Top of Data shown

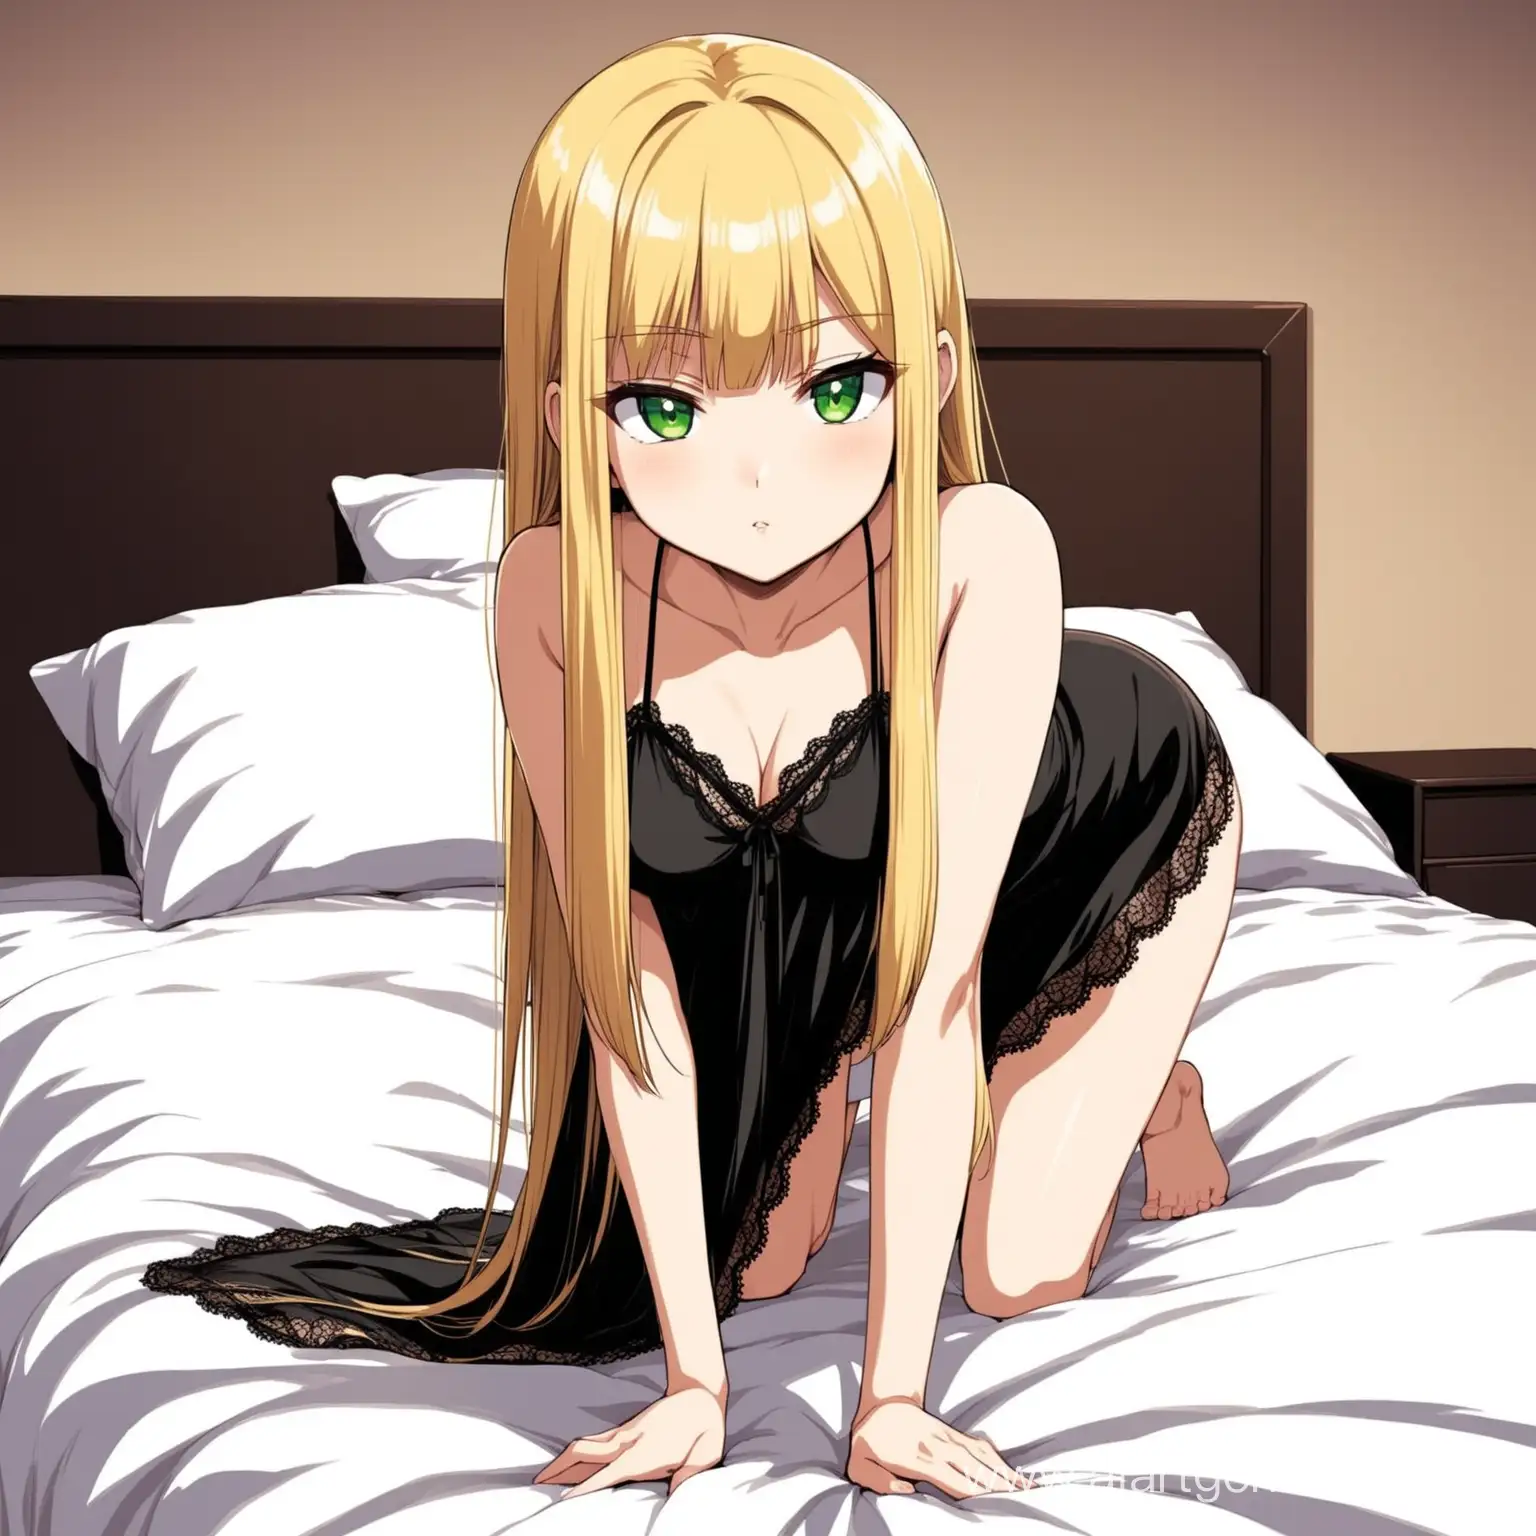 low girl, big green eyes, long blonde straight hair with straight bangs ,She is wearing a short seductive black nightgown, she is standing on the bed on all fours, anime style
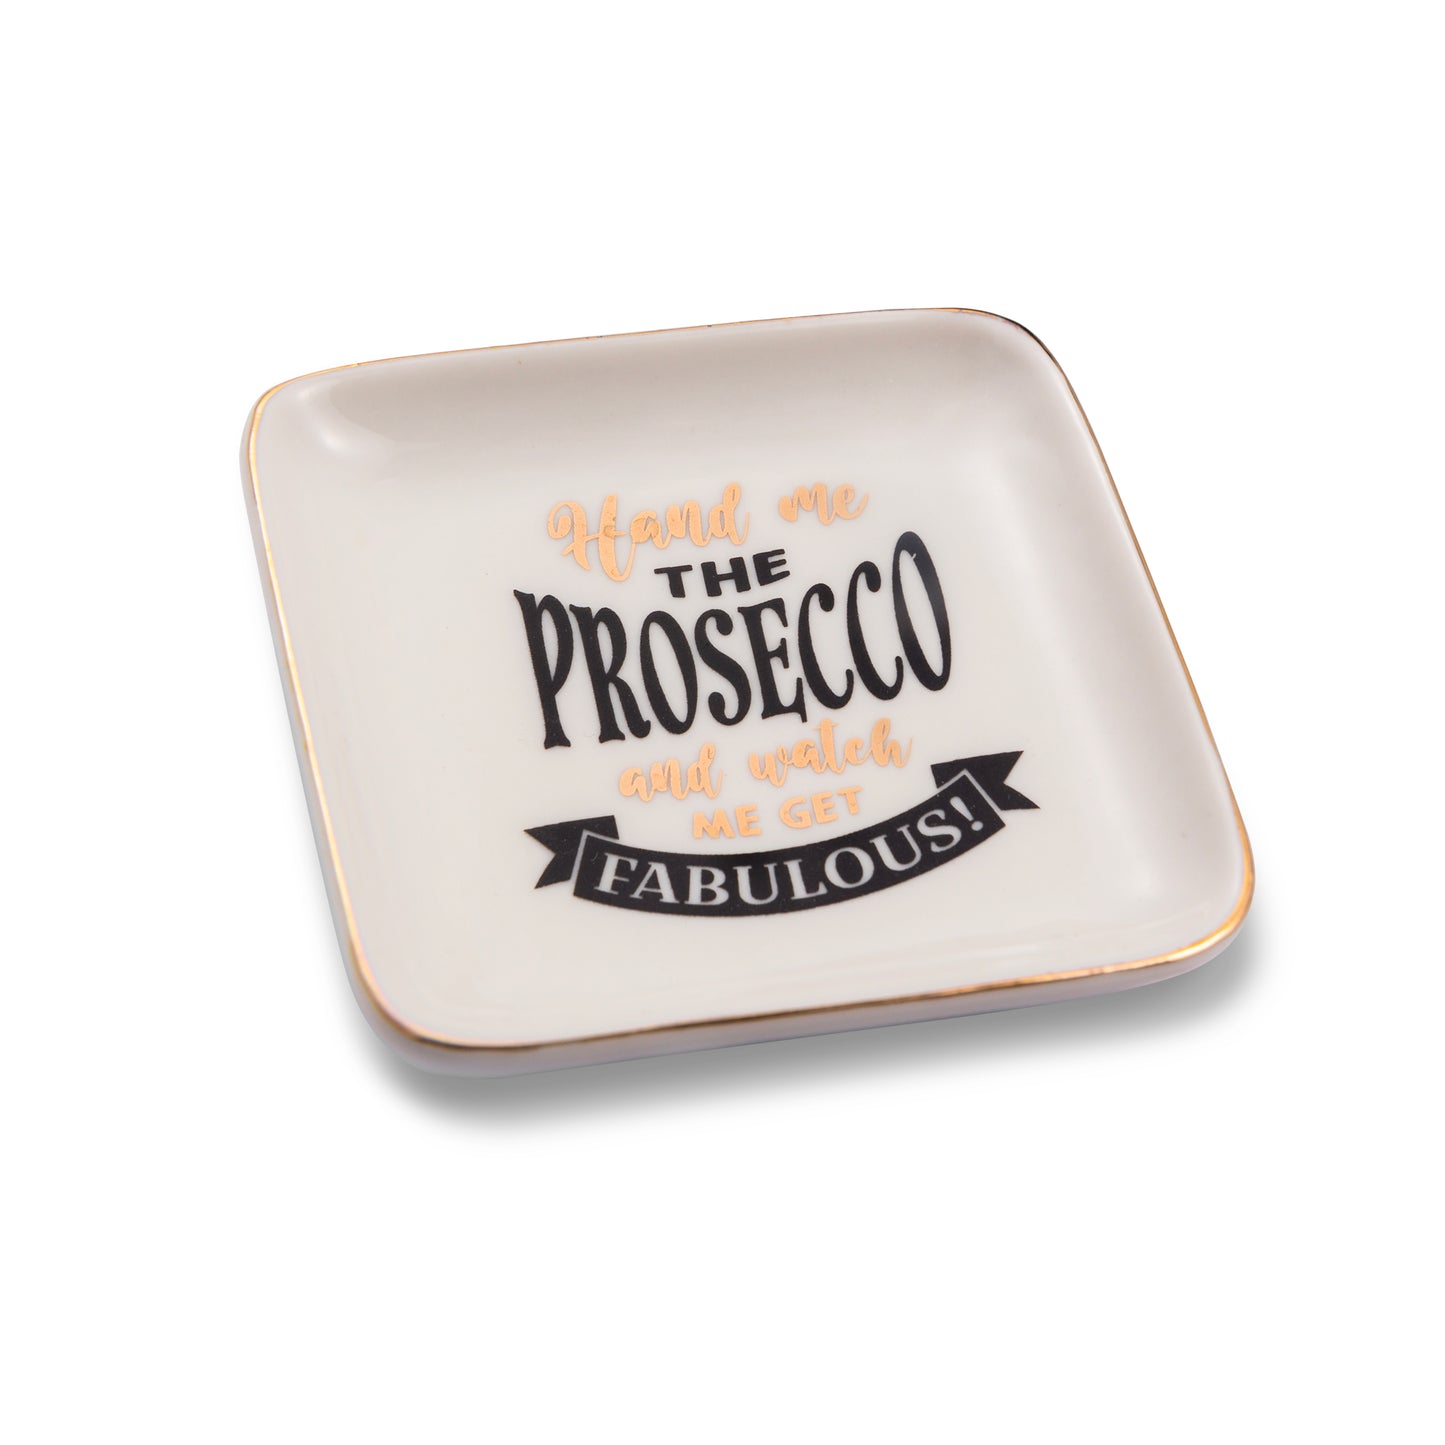 Hand The Prosecco & Watch Me Fabulous Ceramic Trinket Tray
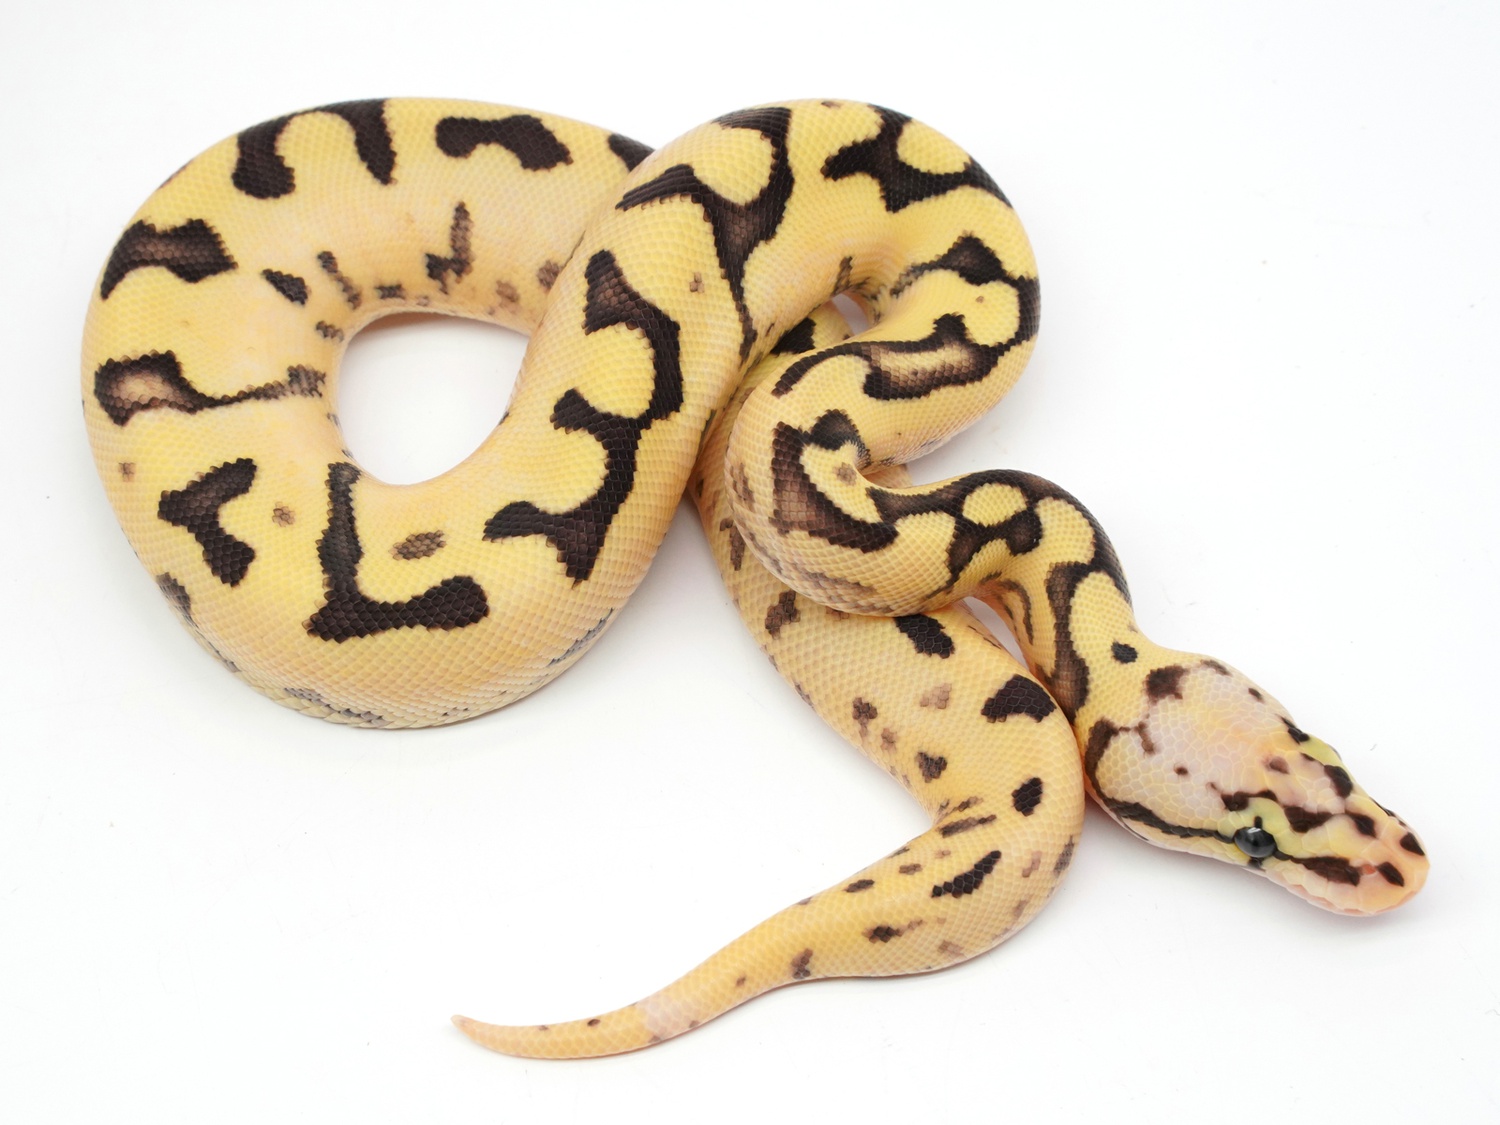 Bumble Bee Woma Lucifer Bald Orange Dream Poss Het Pied Ball Python by New England Reptile Distributors

Bottom of Data shown

Task goal: All of the data should be returned word for word, with each picture left out.

Task answer:
 low girl, big green eyes, long blonde straight hair with straight bangs ,She is wearing a short seductive black nightgown, she is standing on the bed on all fours, anime style
 Hand The Prosecco & Watch Me Fabulous Ceramic Trinket Tray
 Bumble Bee Woma Lucifer Bald Orange Dream Poss Het Pied Ball Python by New England Reptile Distributors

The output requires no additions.